ONE DOLLAR CURRY

Director’s Creative Intention

One Dollar Curry is a film about an Indian immigrant who comes to Paris. Far from treating a morose and hopeless reality, the film is light-hearted and funny, where the lead character readily uses imagination, humour and his sense of optimism to overcome “destiny”.

But what makes me give One Dollar Curry, a film on an immigrant’s life, an overriding "comic" form, where sense and meaning are seen lurking behind gentle laughter? There's a reason for this. It is true that the world of immigration is bleak, reeking of deprivation and discrimination. However, it is equally true that humour, perhaps as "black" as racism itself, is part and parcel of immigrant lives. The sound of laughter and black humour in these unfortunate quarters might sound out of place, but it is incontestably real. Perhaps, in the worst moments of pain, deprivation and isolation, an immigrant conserves in himself a grain of humour, which is his sole self-defence weapon in a strange land? I might also add another fact little known in this part of the world : as a community, Sikhs (Nishan is Sikh) are co-terminous with toil and humour. "A Sikh without laughter is not a Sikh," they say in Punjab. That's how One Dollar Curry was conceived of as an "immigration" comedy...

In his battle for survival, Nishan is helped by Nathalie, a young French researcher who first shows some signs of affection towards him, then becomes his foremost accomplice. The relationship between them is meant to be more than just a passing fancy between a man and a woman. Metaphorically, their "romance" conotes cultural assimilation between a third generation cross-cultural immigrant become French and an Indian of our times. "Nothing bridges frontiers better than love can," reveries Nishan on their first night of love. In this sense, Nathalie doesn't only represent love, she incarnates the very goodness of the host culture. Their relationship is a bridge over cultural frontiers and an ode to the human capacity to build something beautiful beyond the confines of our own cultures

Nathalie's willingness to help Nishan subvert the system and to concoct lies on his behalf shows the strength of a love which is willing to contest one's own culture and country in the interest of another world, which is perhaps better than the one we have built. In this sense, One Dollar Curry uses the comic-form to create a terrain, where love and humour can work together to give birth to a new form of “integration”.

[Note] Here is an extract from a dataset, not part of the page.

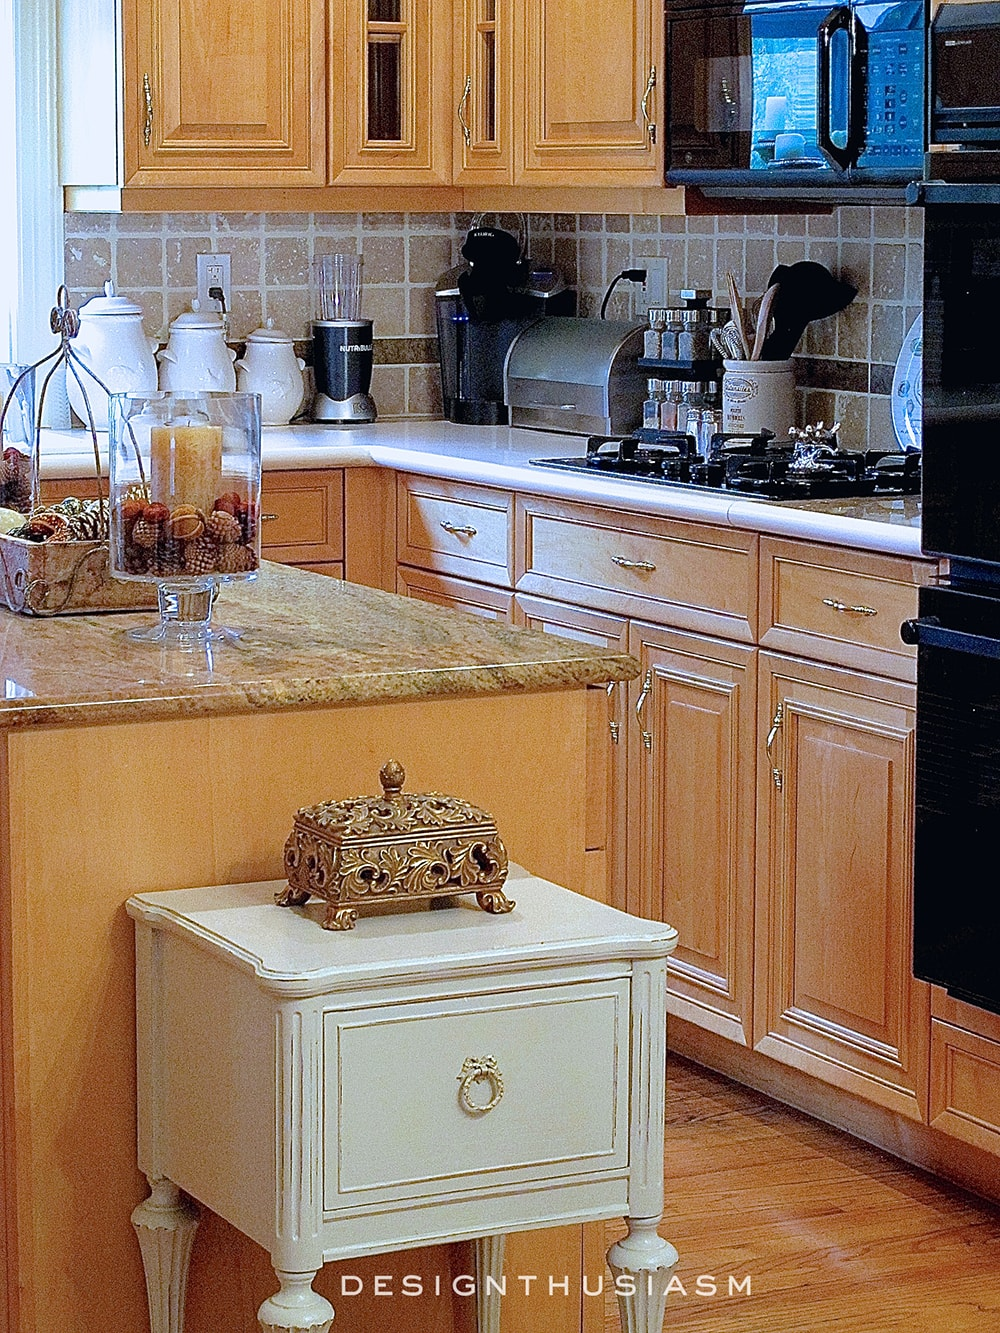 Kitchen   Family House Tour   Designthusiasm.com

Visually speaking, in terms of the distant vision of the style that I might have in mind, I intend adopting a progressive, slightly "mixed" shooting method, which does not preclude nervous, feverish, handheld camera movements for the comic scenes in the film. But, again, what is obviously crucial is that the style or the mixture of styles must first and foremost capture the overall essence and rhythm of the film.

Music will undoubtedly play a central role in the film. A bit like in the case of my earlier film (Jaya Ganga), I have a broad notion of the melody and the rhythm that I would like to share with the composer. This music, which of late has been named Indo-European rap and which has earned a worldwide popularity (à la Khaled), is full of beat and bounce and la joie de vivre. To start with, we will have the film’s “theme-song” composed, before recording several instrumentalised versions of the same music, each piece endowed with a specificity of its own. Music will thus reinforce the essence of the film, apart from the fact that certain scenes in the film are even shot against this music.

Since location play an important role in determining the visual meaning of a film, I have set the film in a rich variety of places - riverside Paris, the immigrant quarters (le Sentier), the slightly posh buildings, a chateau for the TV shoot on a great "colonial" chef, a river for the cremation ceremony and for the final shots of the boat-restaurant, and, finally, a glimpse of the Indian locales in the UK....

I feel films are about creating a real emotion in the audience. No matter what style you adopt, a film must ultimately bring home the truth of this emotion, which, in the case of One Dollar Curry, takes the form of a meaningful laughter.